# Data section
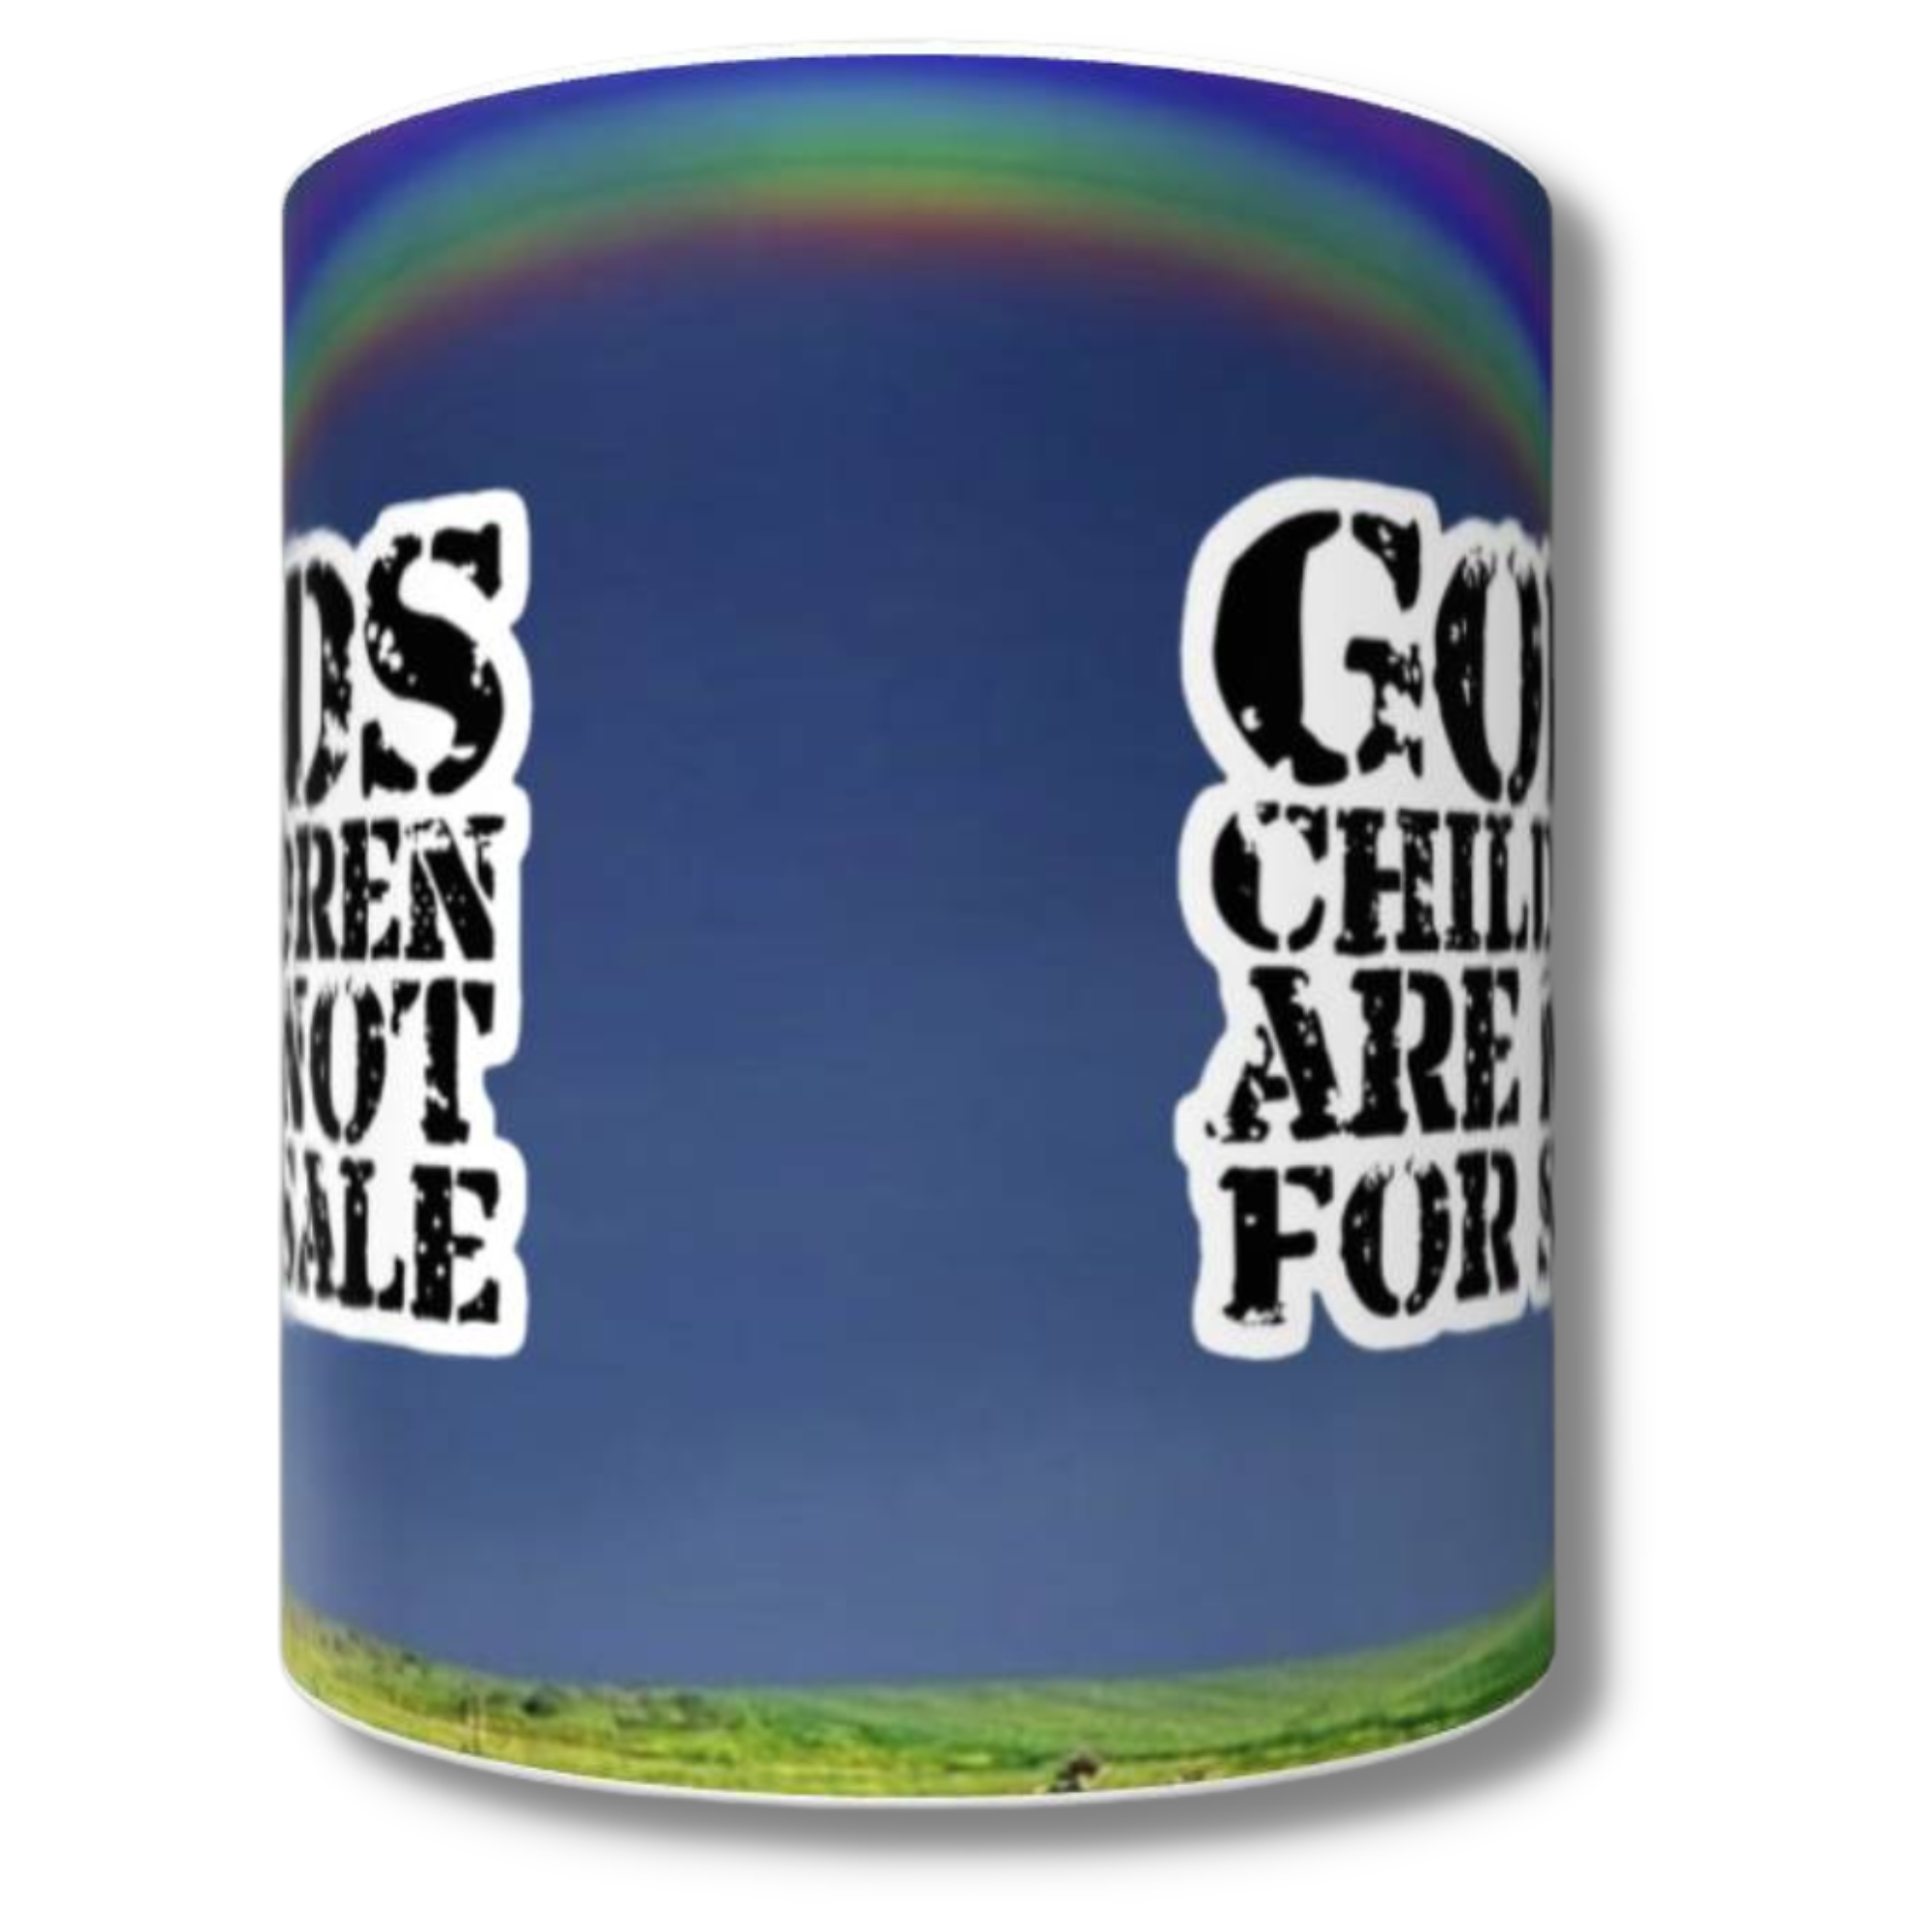 God's Children are not for Sale Mug (Rainbow)
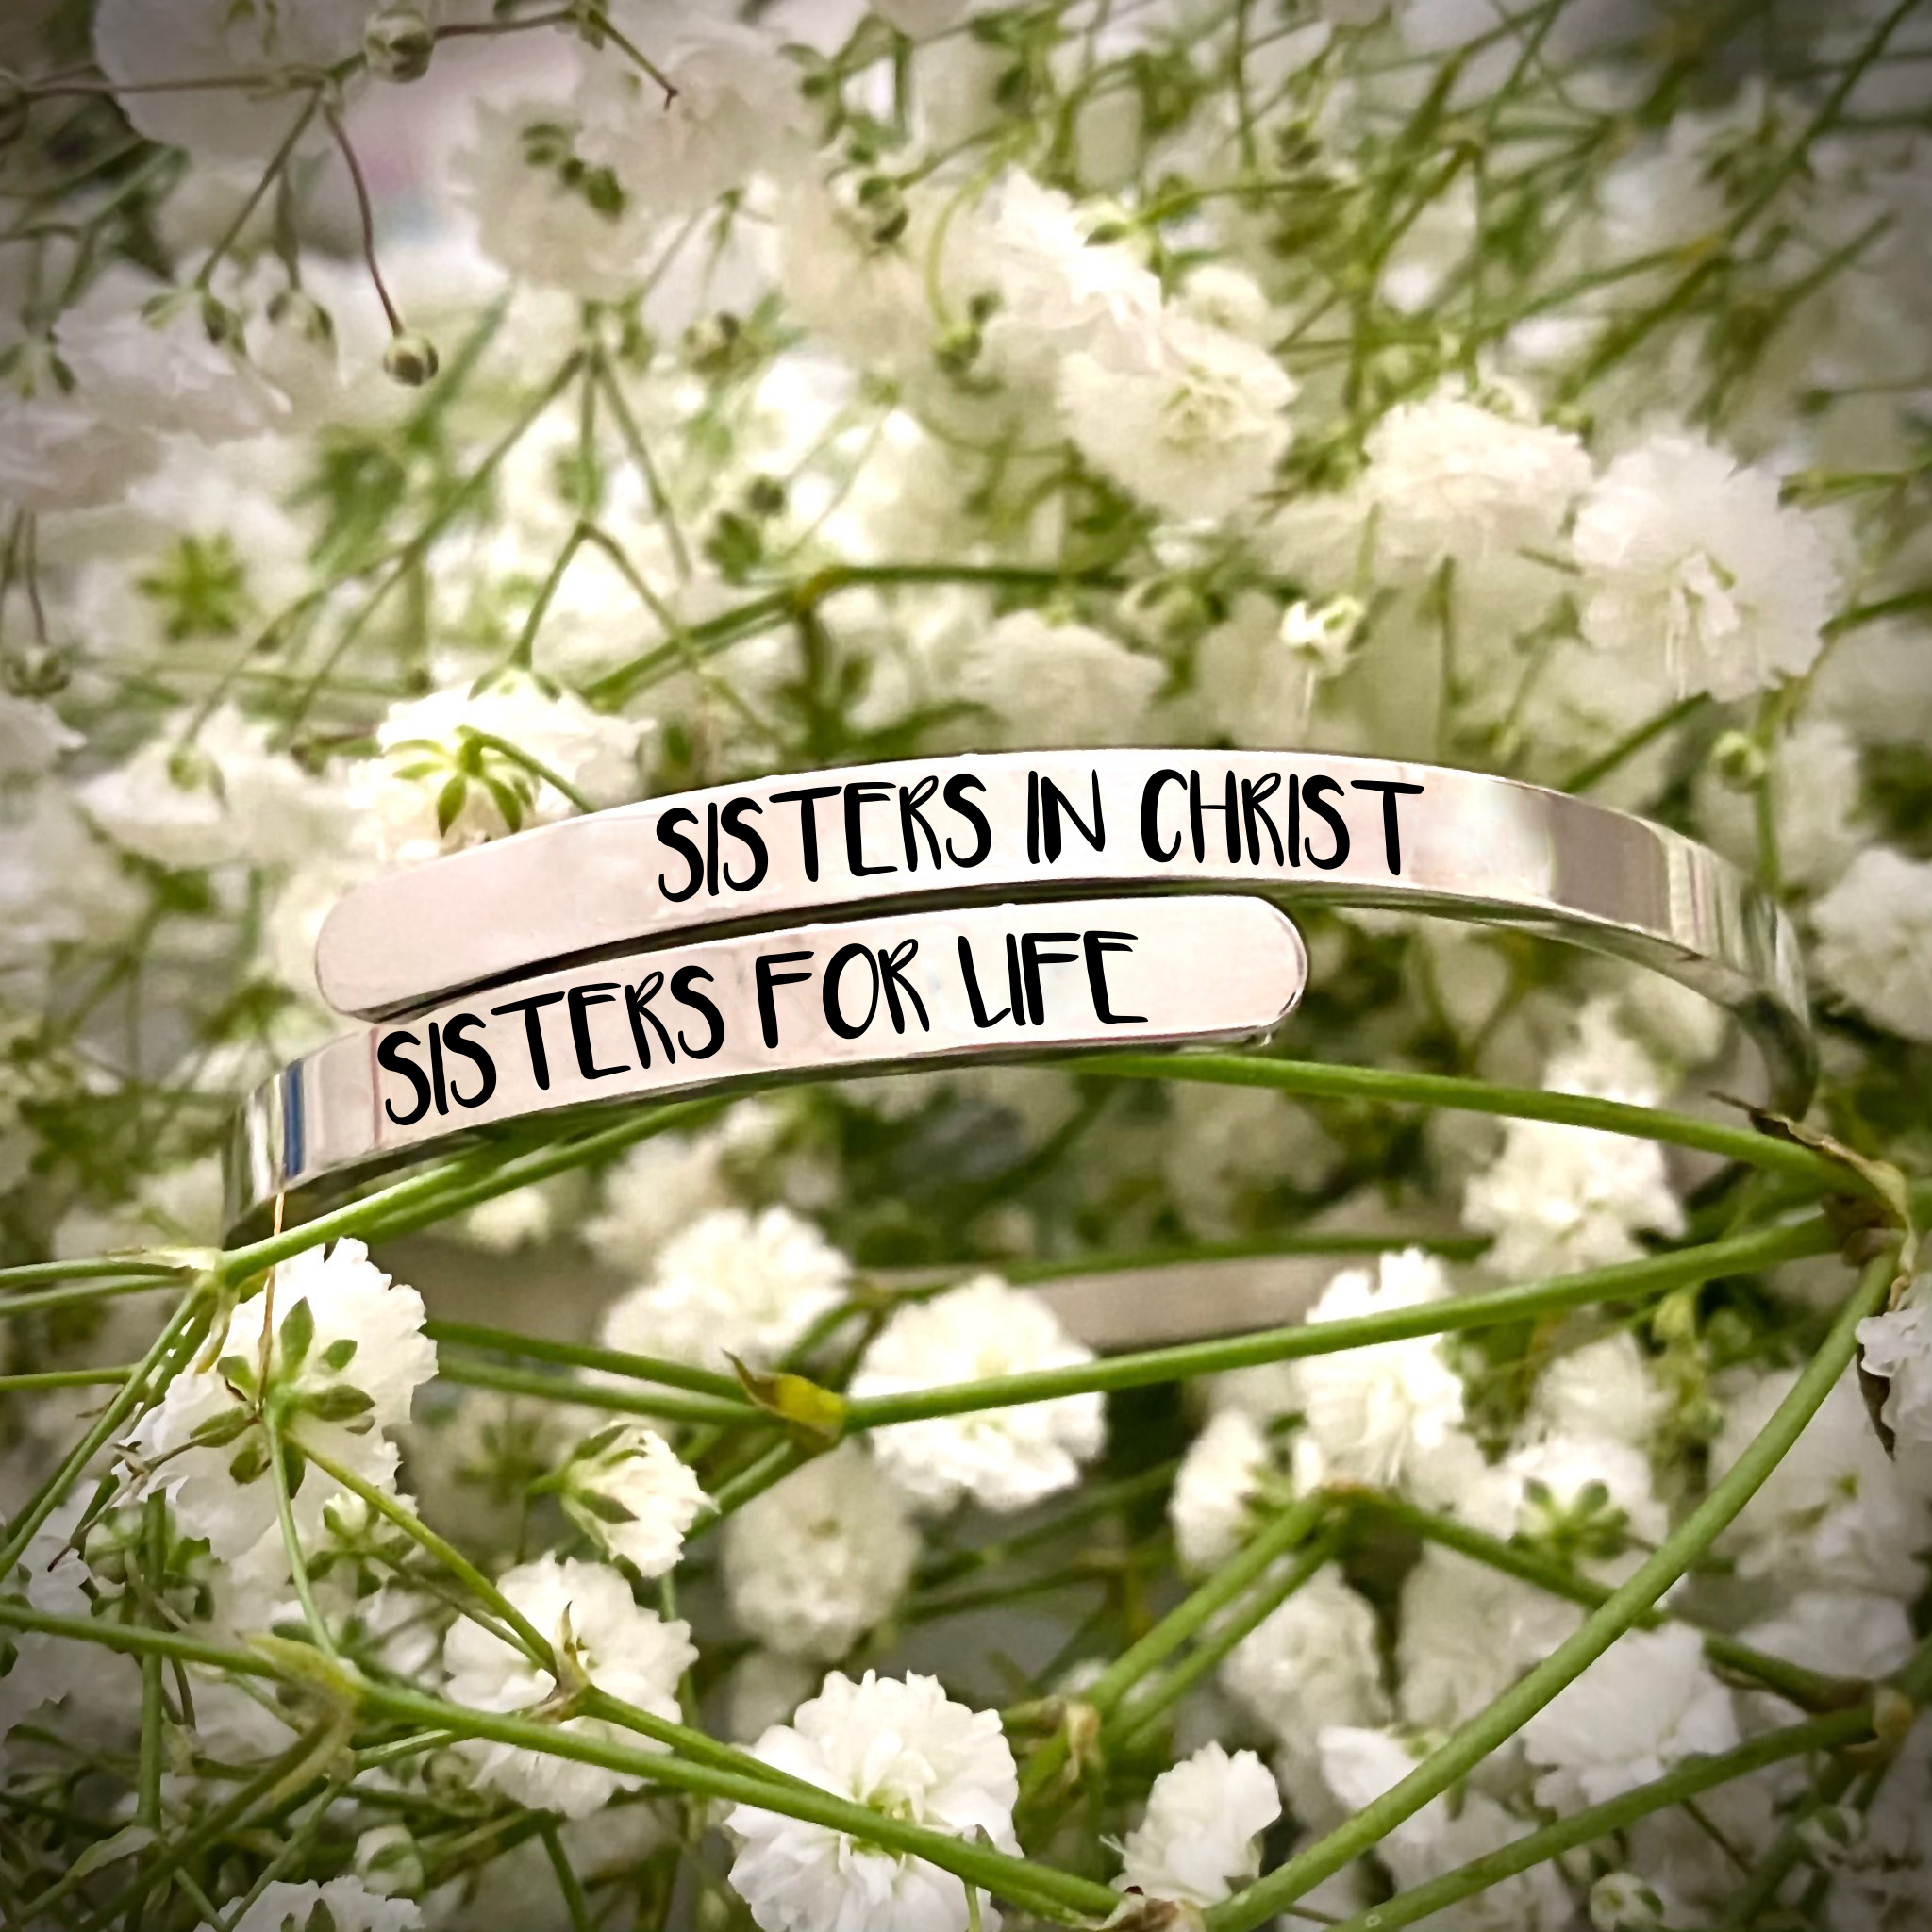 Sisters in Christ Bangle Bracelet
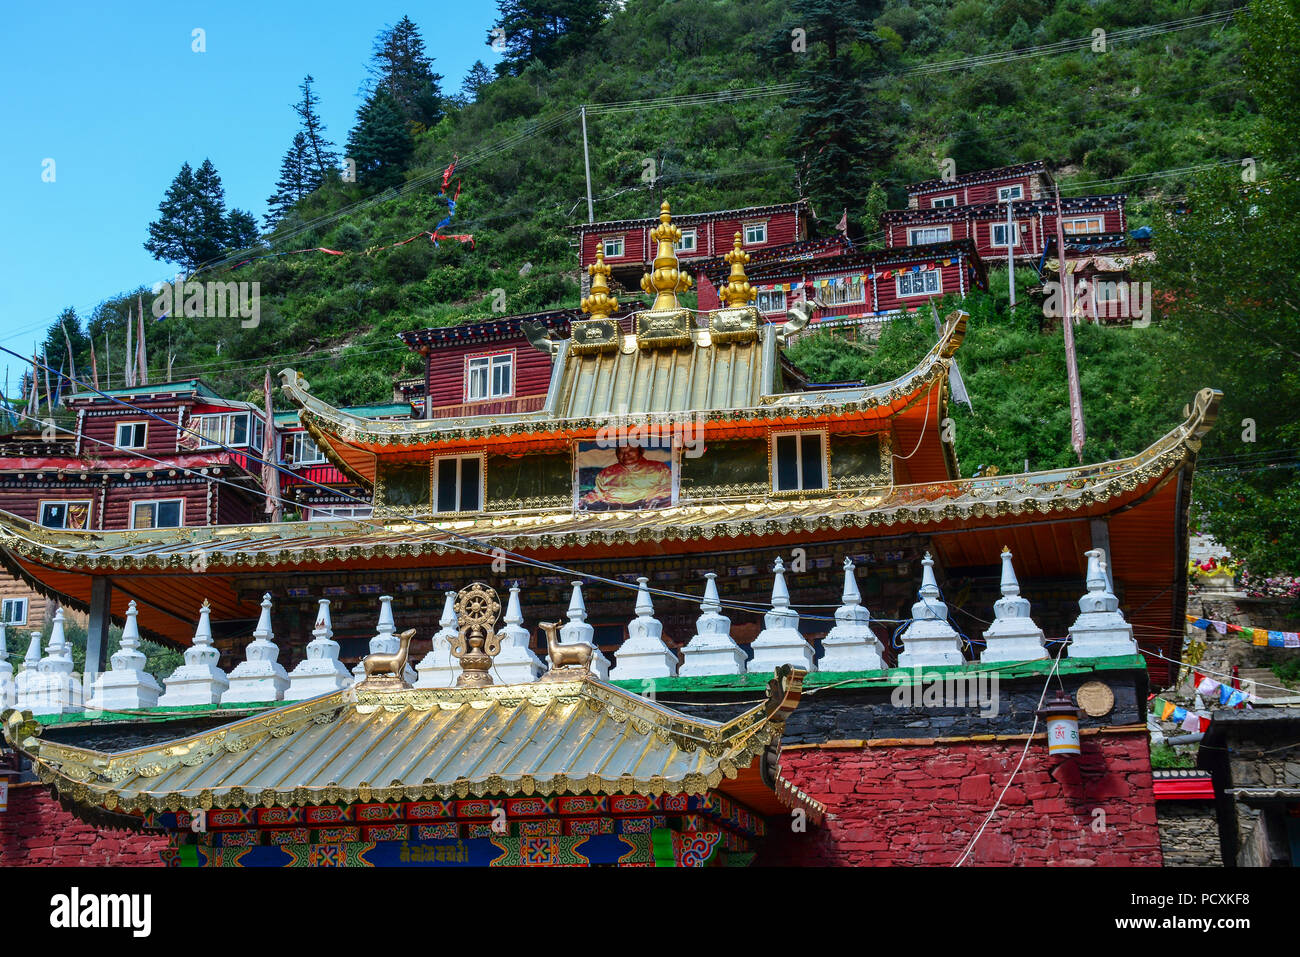 Daocheng, China - Aug 15, 2016. Tibetan temple in Daocheng, China. Daocheng is located in the eastern Hengduan Mountains, Sichuan Province. Stock Photo

# Requirement
Would you write out all of the data exactly as it stands, without the pictures?

# Solution
 God's Children are not for Sale Mug (Rainbow)
 Sisters in Christ Bangle Bracelet
 Daocheng, China - Aug 15, 2016. Tibetan temple in Daocheng, China. Daocheng is located in the eastern Hengduan Mountains, Sichuan Province. Stock Photo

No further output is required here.